Common SQL Filters and Commands

  • ORDER BY: Sorts results based on a specific column
  • ASC or DESC
  • ASC is default
  • LIMIT: how many rows you want in the result
  • OFFSET: how many rows you want to skip from the top
  • DISTINCT: De-duplicates data in a result (like Array#uniq)
  • SELECT DISTINCT name, type
  • SELECT COUNT(DISTINCT name) ​ ​ ​ ​ ​

​ Query: Get the distinct names of possessions

SELECT
DISTINCT possessions.name
FROM
possessions;

Query Pop Quiz: Get the name & cost of the second most expensive possession whose name has at least two words.
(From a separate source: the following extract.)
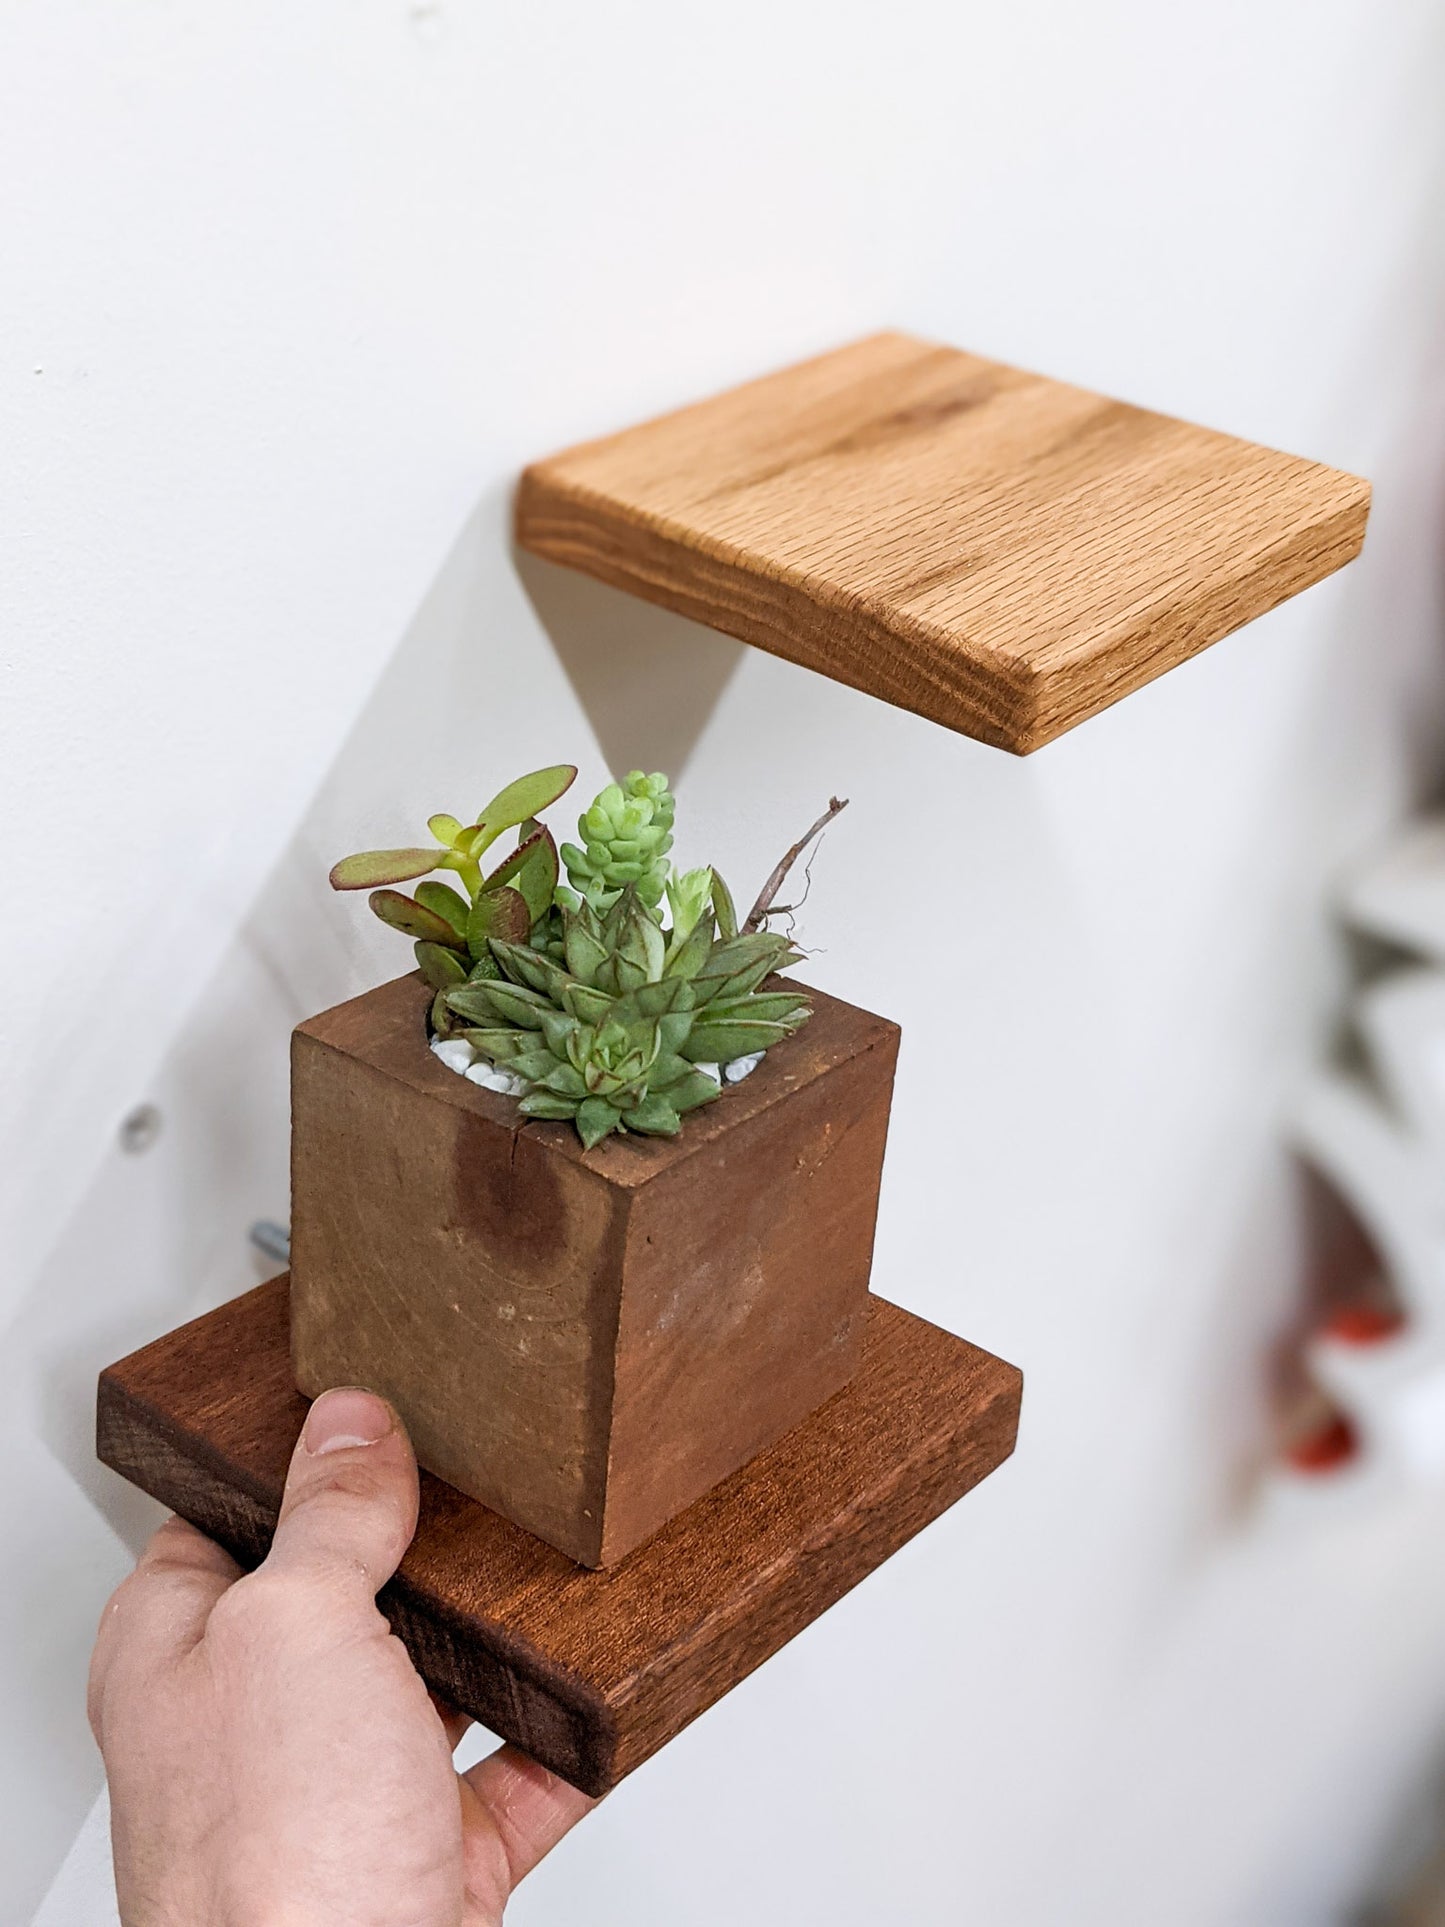 Mini Plant Wall Holder Tiny Shelf for Wall, Small Floating Shelves

​ Query: Get the name & cost of the second most expensive possession whose name has at least two words. ​

SELECT
name, cost
FROM
possessions
WHERE
name LIKE '% %'
ORDER BY
cost DESC
LIMIT
1
OFFSET
1;​

Query: Get all of the app academy instructors who do not have a pod leader ​

SELECT
name
FROM
app_academy
WHERE
pod_leader_id IS NULL;

  • Aggregate functions combine data from a column into a single value
  • You should always use an alias with aggregate functions to make for clearer results**********************************************
  • 这一条我没怎么执行过。
  • COUNT, SUM, AVG, MIN/MAX, and more ​​

Query: Get the average cost of all possessions

SELECT
AVG(cost) AS avg_cost
FROM
possessions;​

Query: Get the total cost of all possessions

SELECT
SUM(cost) AS total_cost
FROM
possessions;​

Query: Count the total number of possessions

SELECT
COUNT(*) AS num_possessions
FROM
possessions;​

Query: Count the distinct types of possessions

SELECT
COUNT(DISTINCT type) AS num_types
FROM
possessions;

Query: Get the cost of the least expensive item

SELECT
MIN(cost) AS least_expensive
FROM
possessions;

GROUP BY​

  • GROUP BY groups rows with matching values for given column
  • Collapses each group of rows into a single row
  • Aggregate functions in SELECT will apply to the individual groups, not the whole rows ​ ​ ​****************************************************
  • 这条很重要,也就是我有些疑惑的地方。

Query: Show each type of possession using GROUP BY

SELECT
type
FROM
possessions
GROUP BY
type;

Query: For each type of possession, show the type and number of items ​

SELECT
type, COUNT(*) AS num_items
FROM
possessions
GROUP BY
type;

Query: For each type of possession with more than 5 items, show the type and count of each ​

SELECT
type, COUNT(*) AS num_items
FROM
possessions
GROUP BY
type
HAVING
COUNT(*) > 5;

***********​ ​ ​WHERE vs HAVING *************

  • HAVING works like WHERE, but...
  • WHERE gets evaluated before GROUP BY.
  • HAVING gets evaluated after GROUP BY. ​
  • Since the WHERE clause gets executed before the GROUP BY clause, grouped entries cannot be filtered by WHERE
  • HAVING is same as the WHERE clause but is applied on grouped entries
  • Aggregate functions are not allowed in WHERE. You must use aggregate functions in HAVING WHY?​ ​

Order of operation execution in SQL

  1. FROM
  2. JOIN
  3. WHERE
  4. GROUP BY
  5. HAVING
  6. SELECT
  7. ORDER BY
  8. LIMIT / OFFSET ​

(Why can’t we use aliased names in HAVING?)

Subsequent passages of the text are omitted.